SUPPLIED MATERIAL Start Marker

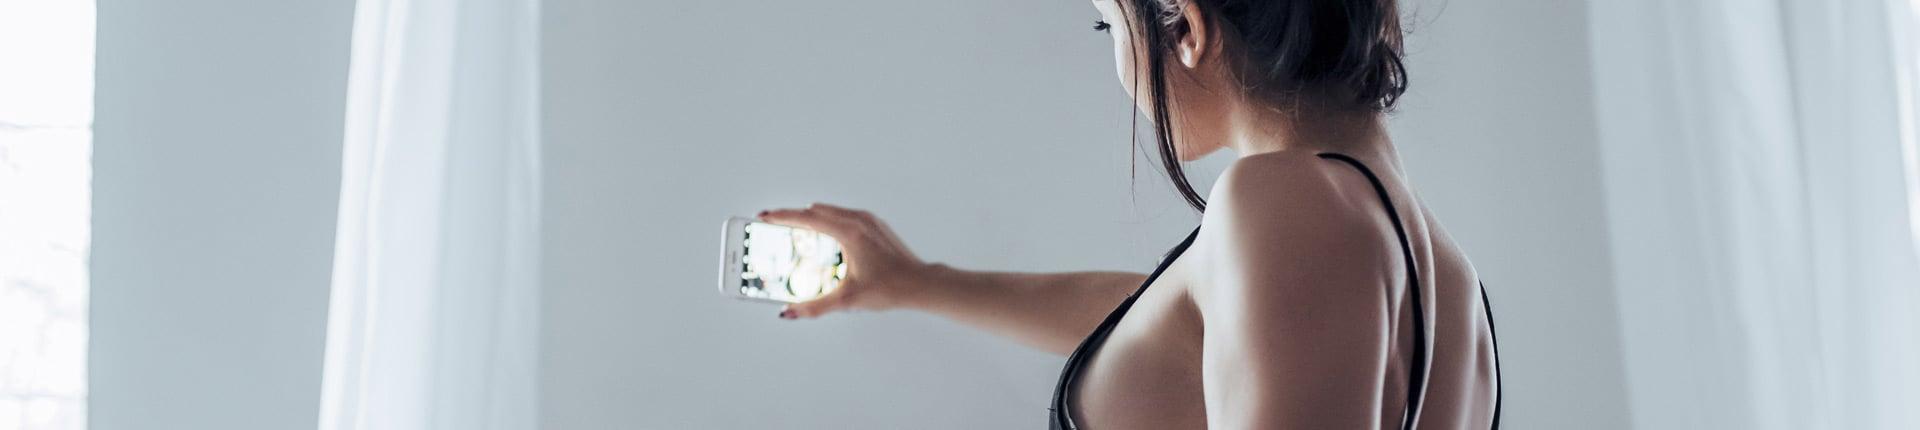 Selfie i zaburzenia zdrowia psychicznego
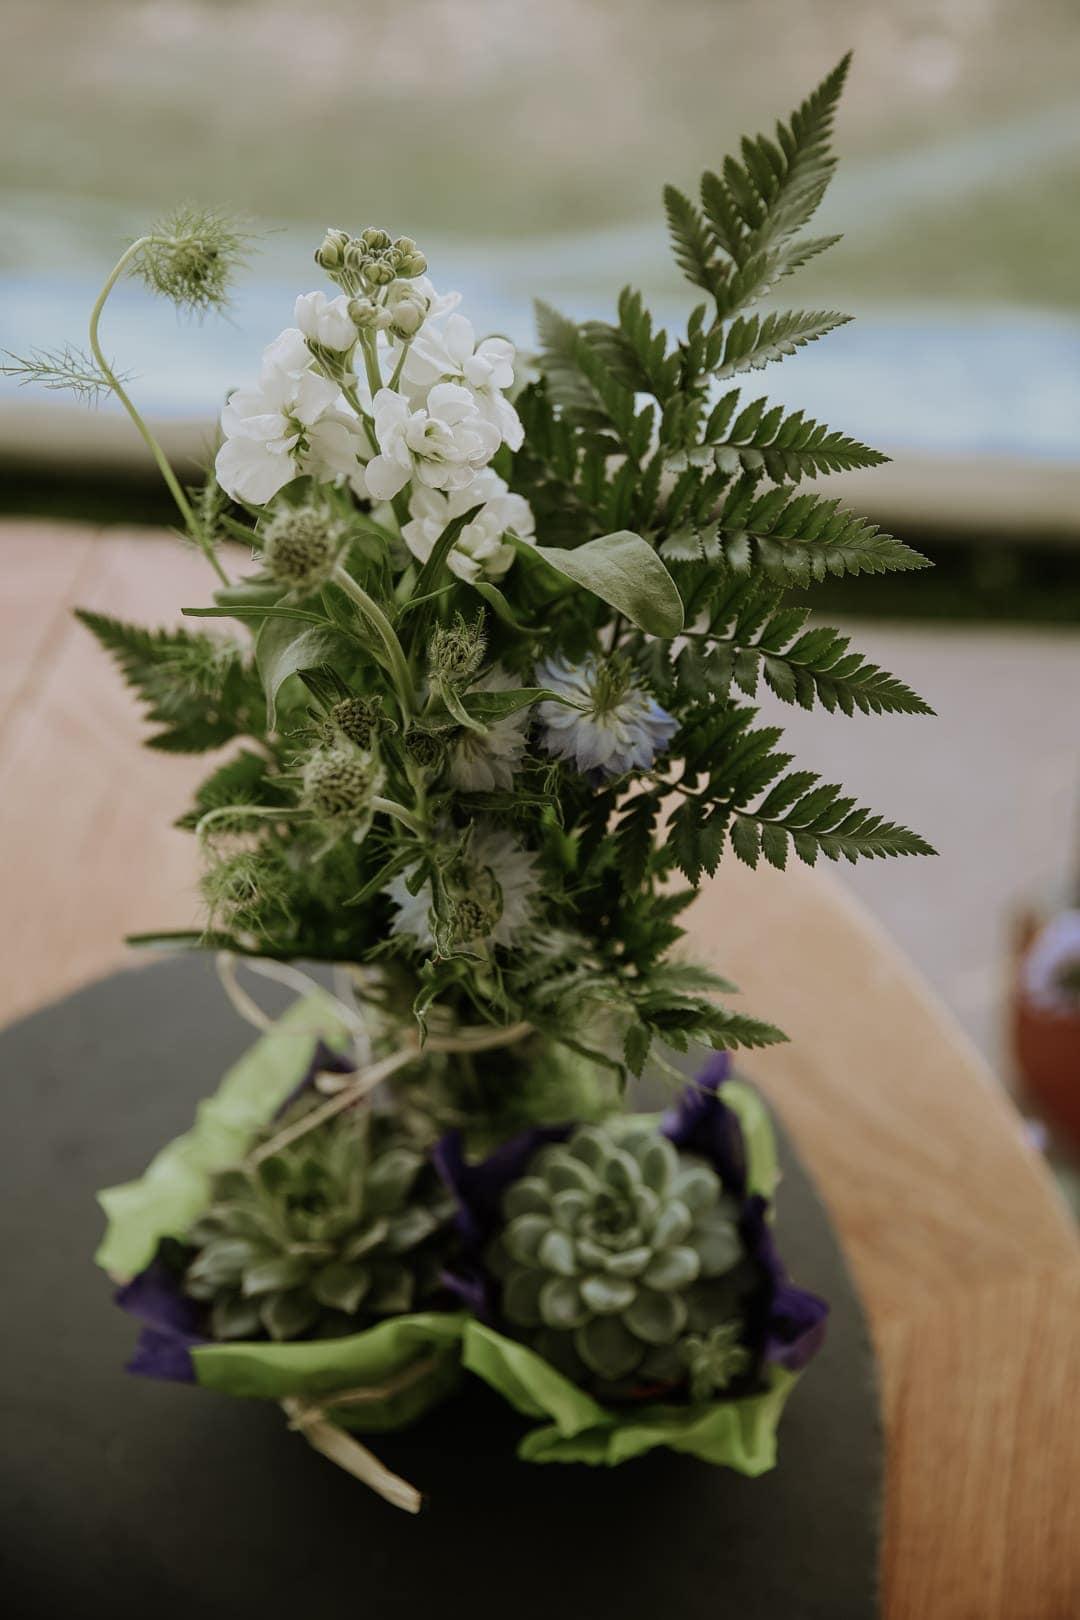 fern-succulent-thistle-decorations-diy-farm-wedding
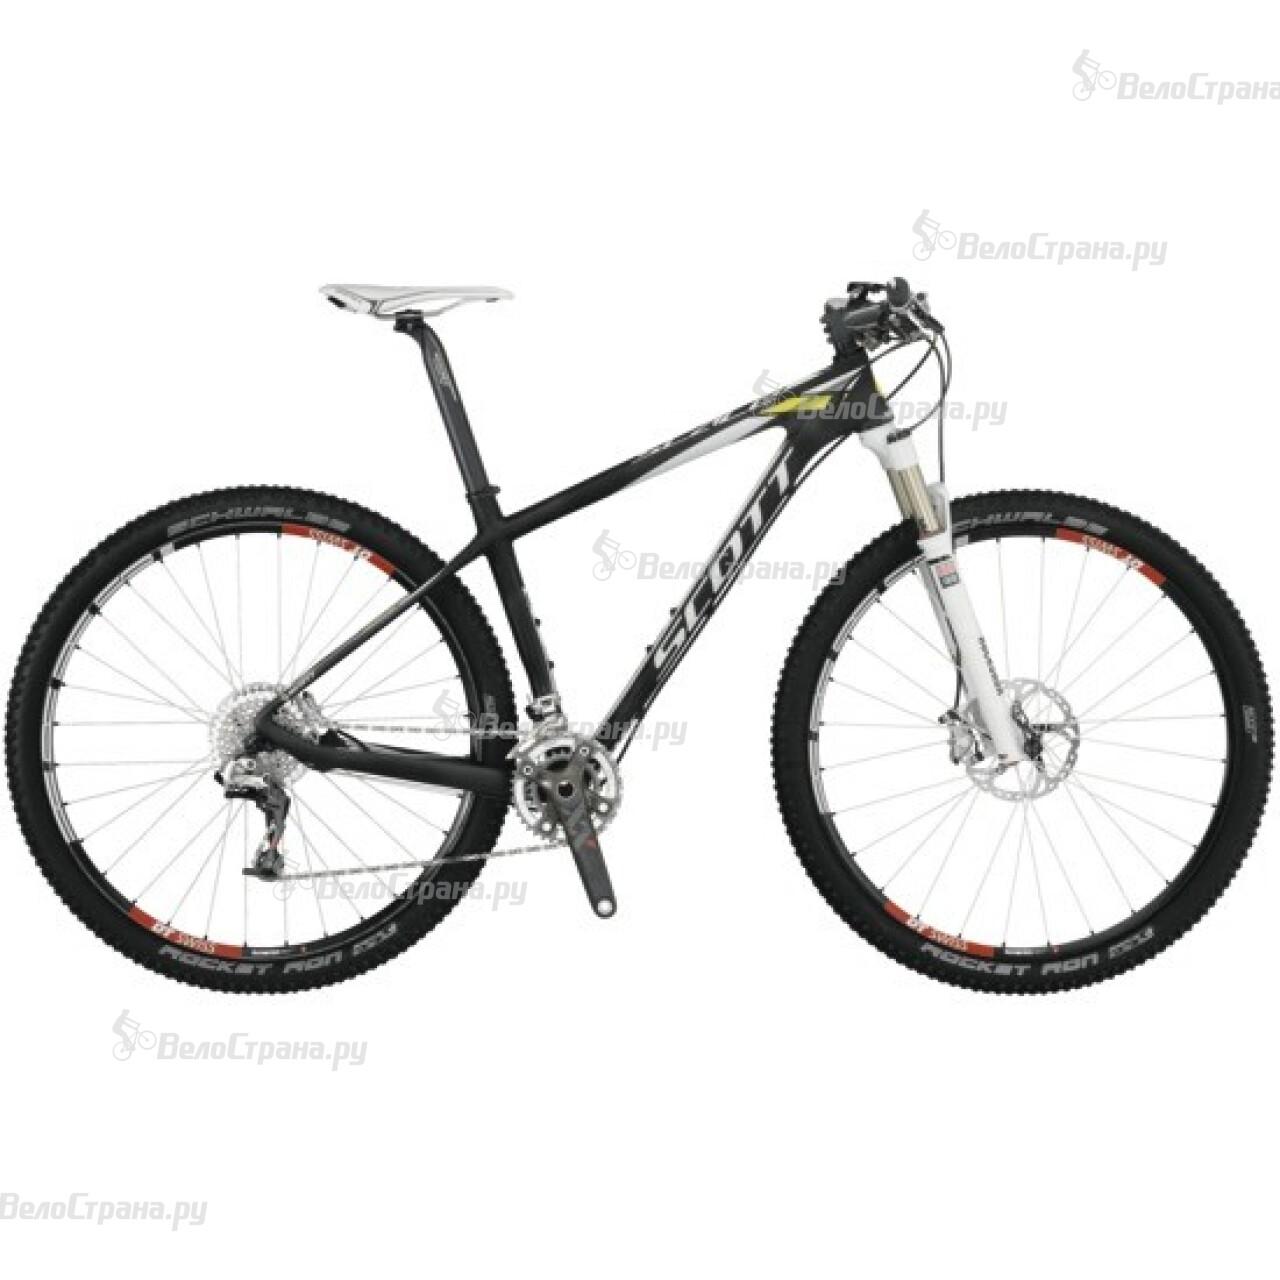 Велосипед Scott Scale 900 RC (2013) scott scale 900 rc 2016
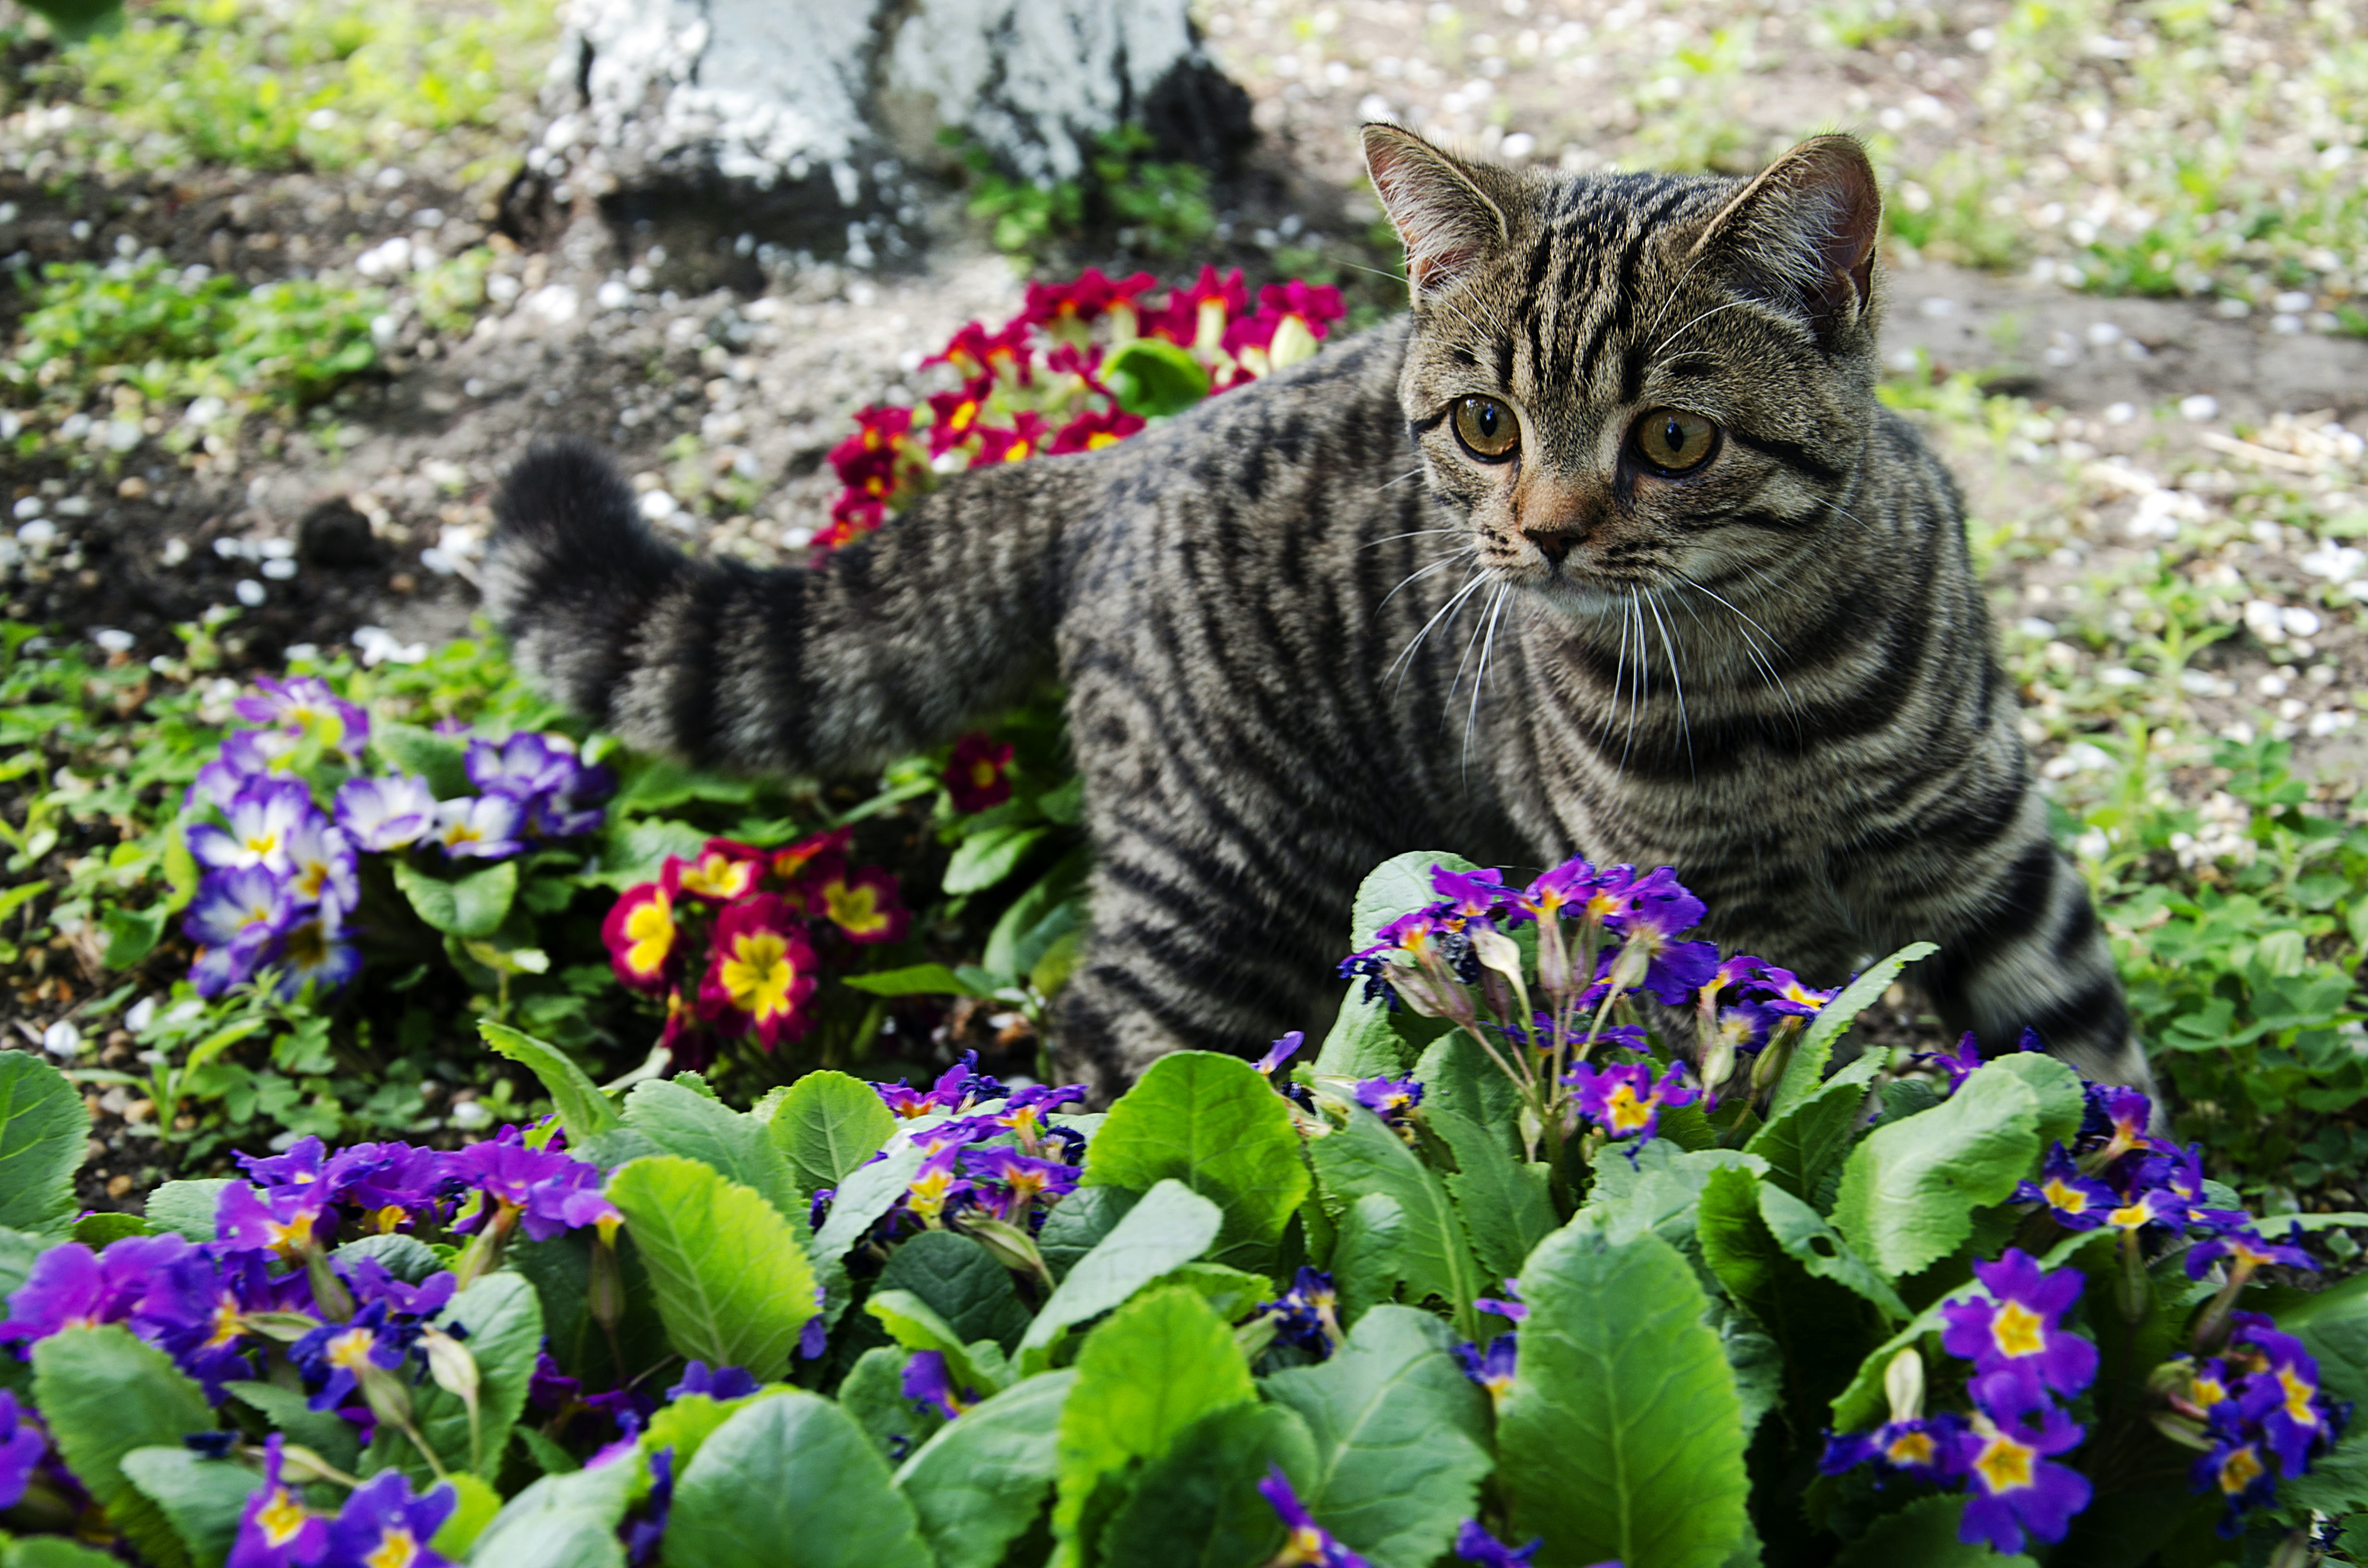 Бешенство у кошек: признаки заболевания, угроза заражения, диагностика, опасность для человека, истории из жизни

SUPPLIED MATERIAL End Marker

* [TASK TO CARRY OUT]
The whole of the data above needs retyping exactly, with pictures omitted.

* [RESPONSE AREA]
 Selfie i zaburzenia zdrowia psychicznego
 fern-succulent-thistle-decorations-diy-farm-wedding
 Велосипед Scott Scale 900 RC (2013) scott scale 900 rc 2016
 Бешенство у кошек: признаки заболевания, угроза заражения, диагностика, опасность для человека, истории из жизни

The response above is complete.